I remember stumbling upon the fact Raspberry Pi devices have built-in hardware random number generator.

Would someone happen to know where I can find official hardware random number generator spec?


2 Answers 2


You won't find the specification published because it is proprietary. Among the things that are not published wrt the RPi HWRNG is what (if any) tests it has passed (e.g. the NIST test suite for RNGs). This is not to say that it hasn't been tested (useful example here), only that there seems to be no documentation of what (if any) tests the RPi developers have subjected it.

A more useful answer wouldn't seem to be possible as you've not explained what you're trying to do.
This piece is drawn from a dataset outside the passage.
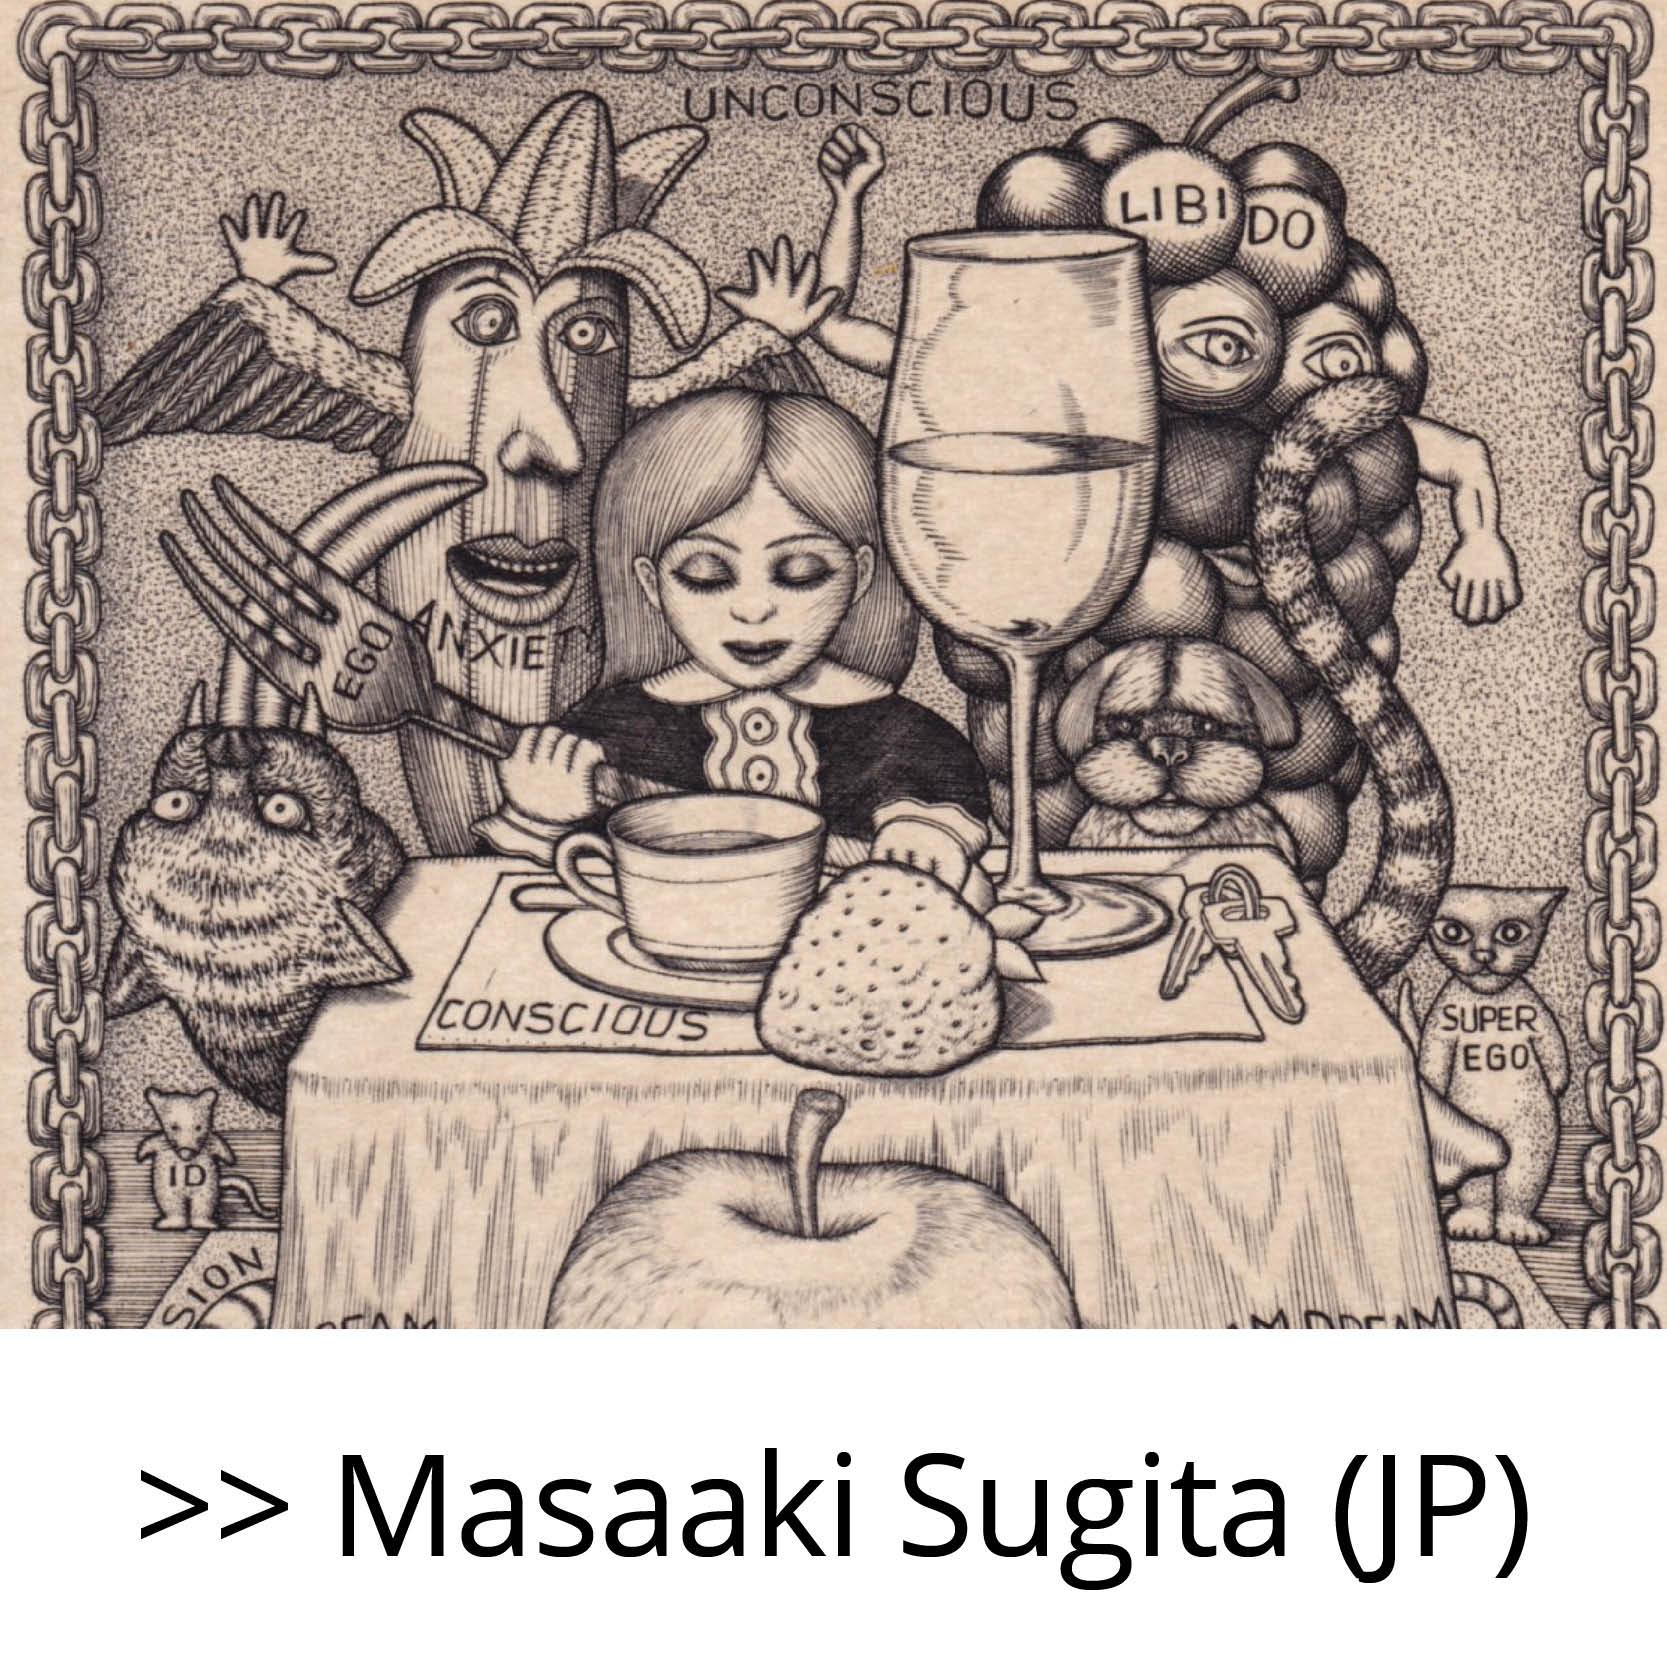 Masaaki_Sugita_(JP)

Not that I'm asking you to share that - only saying we might be able to give a better answer if we knew.

For example, if you wanted to replicate the random stream coming from the RPi HWRNG, we could tell you that the nature of (many) HWRNGs is that you won't get the same sequence from two identical items of hardware.

Or, if you wanted to get a block of random numbers from your RPi's HWRNG, you could use this command:

sudo cat /dev/hwrng | tr -dc 'a-zA-Z0-9'

Or, if you had asked "How to know if /dev/hwrng is working?", we could have directed you to this RPi SE Q&A.
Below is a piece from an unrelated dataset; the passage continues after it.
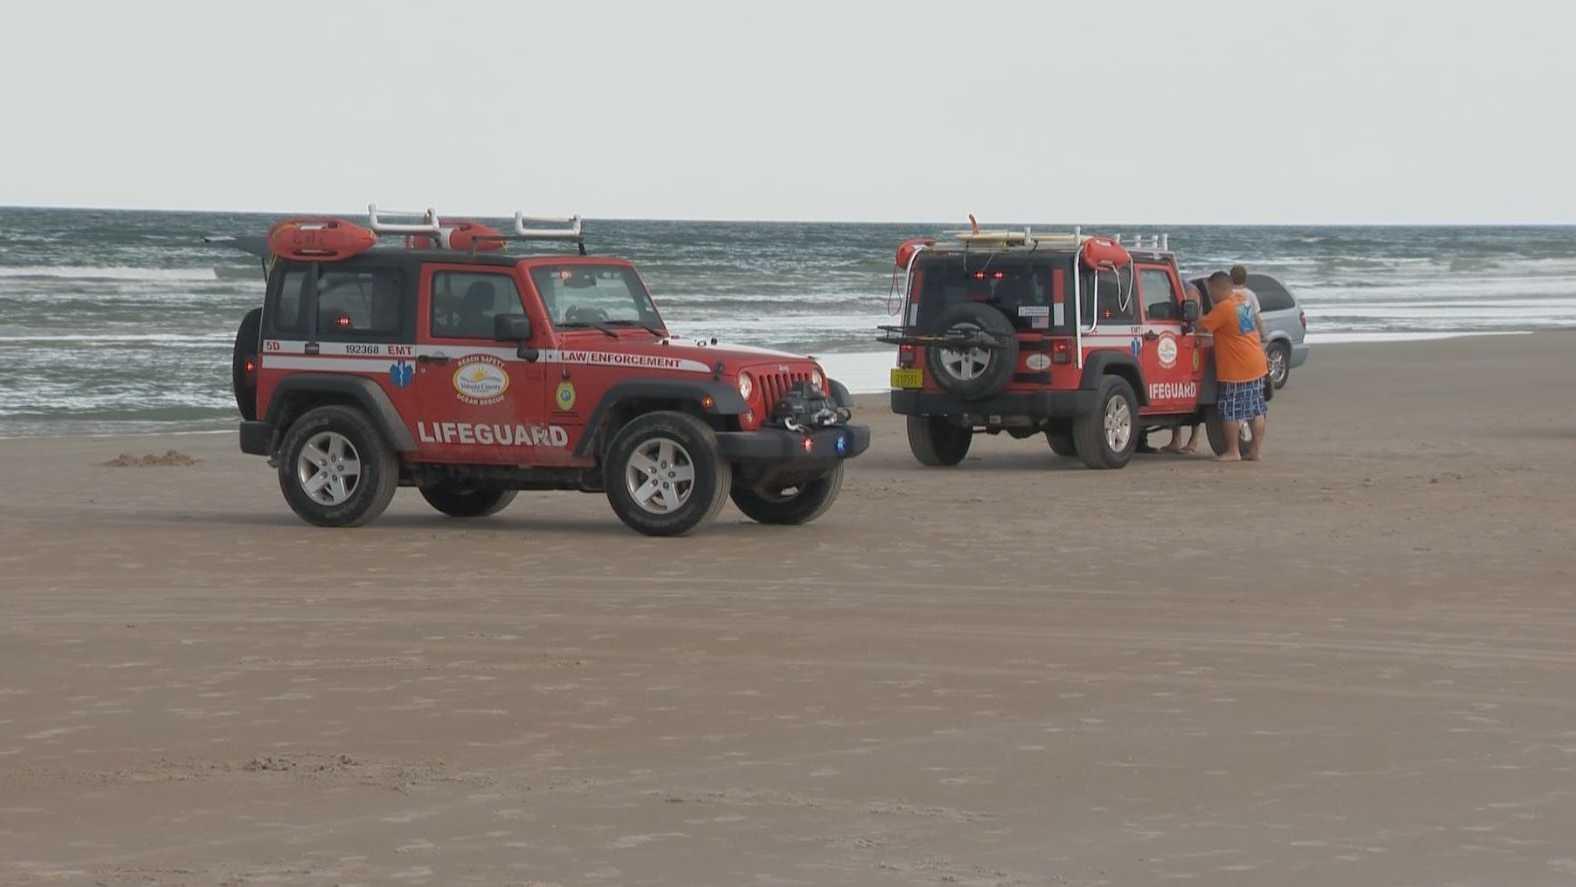 lifeguard jeeps.JPG

But you didn't ask anything specific except "where can I find the spec?" I suppose the real answer to that question is that it is locked away wherever Broadcom keeps their proprietary documents.
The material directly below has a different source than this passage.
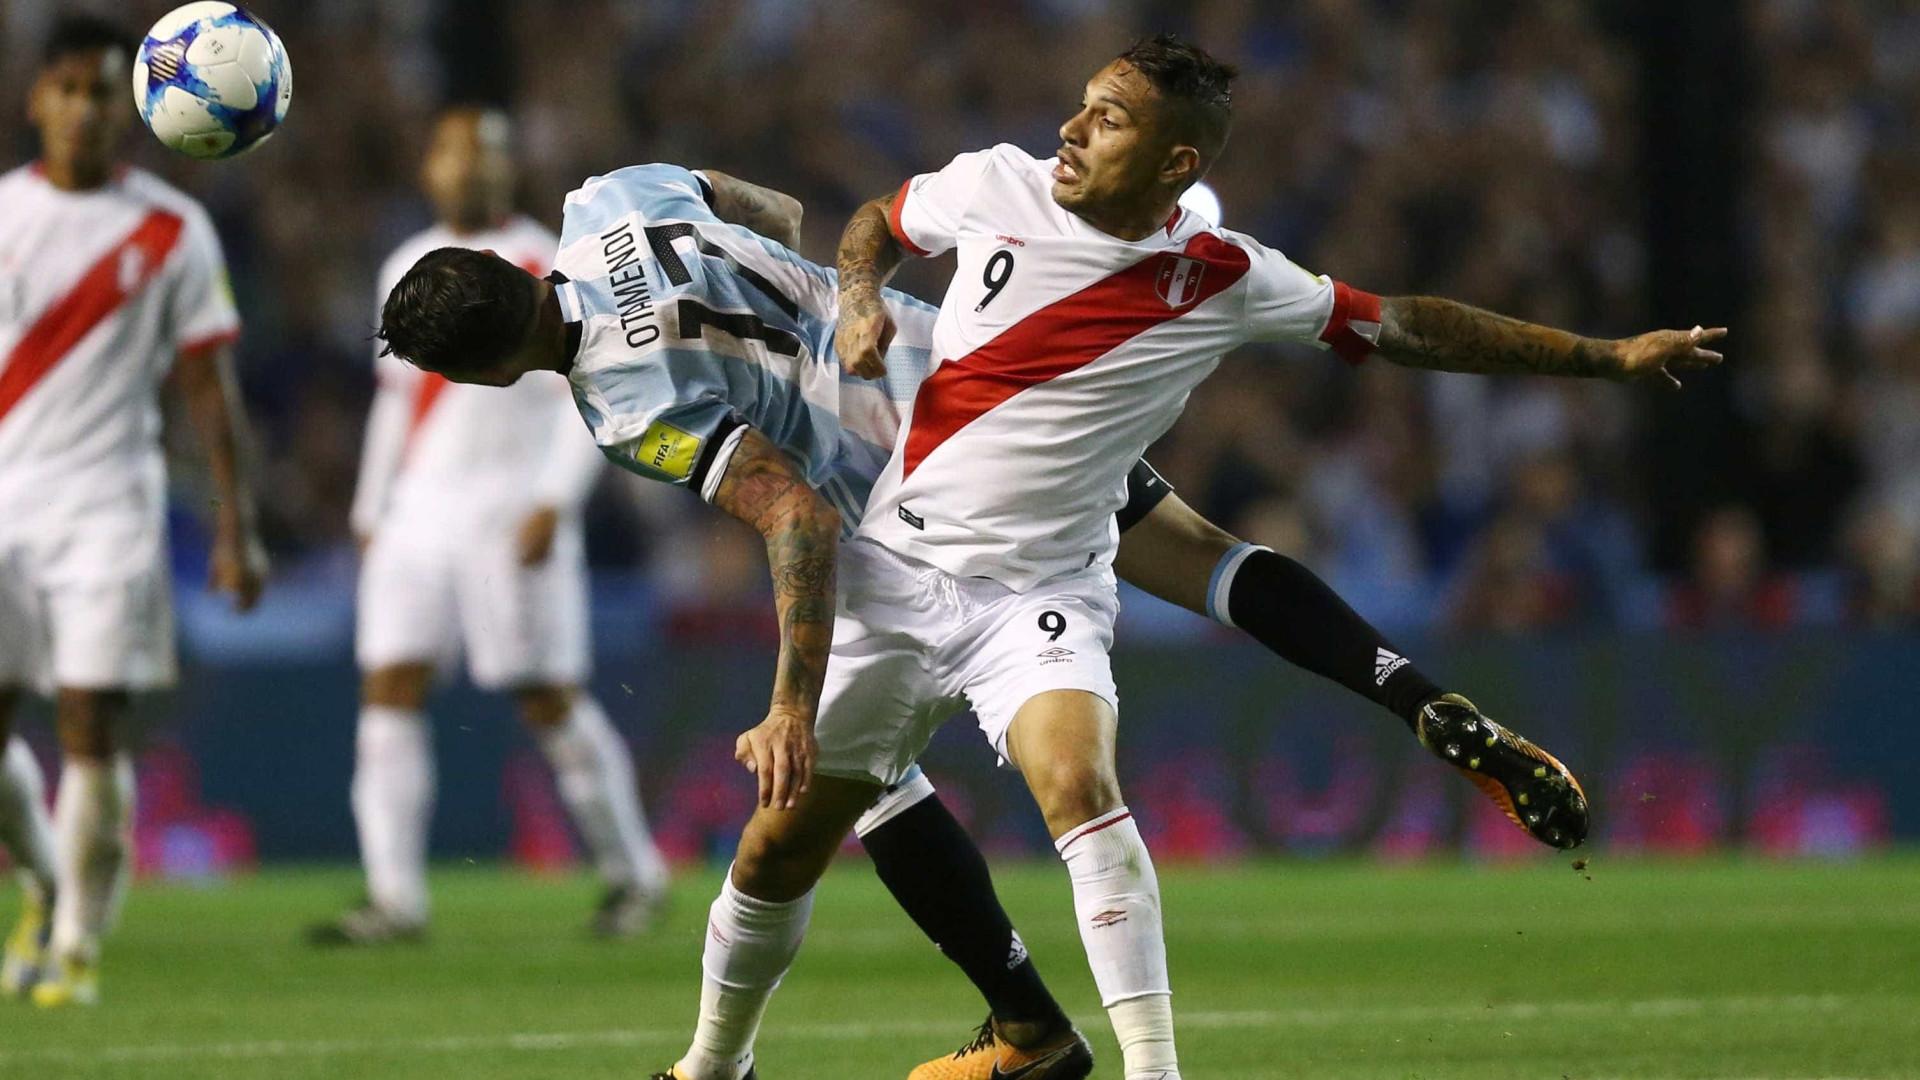 Jornalista argentino faz post ofensivo contra Guerrero e é criticado

  • Thanks for helping out! I was hoping to learn about how entropy is generated by HRNG. For example, the T2 chip on Mac uses multiple ring oscillators post processed with CTR_DRBG.
    – sunknudsen
    Commented Aug 25, 2021 at 10:54
  • 1
    @sunknudsen: AFAIK, this isn't documented for RPi. For general info re entropy via hardware, Google is your friend; also the Wikipedia page has some good info & links to other resources.
    – Seamus
    Commented Aug 25, 2021 at 16:39

I'd start by looking at the Broadcom Peripherals specification and if it's not there I would assume it's an ARM device.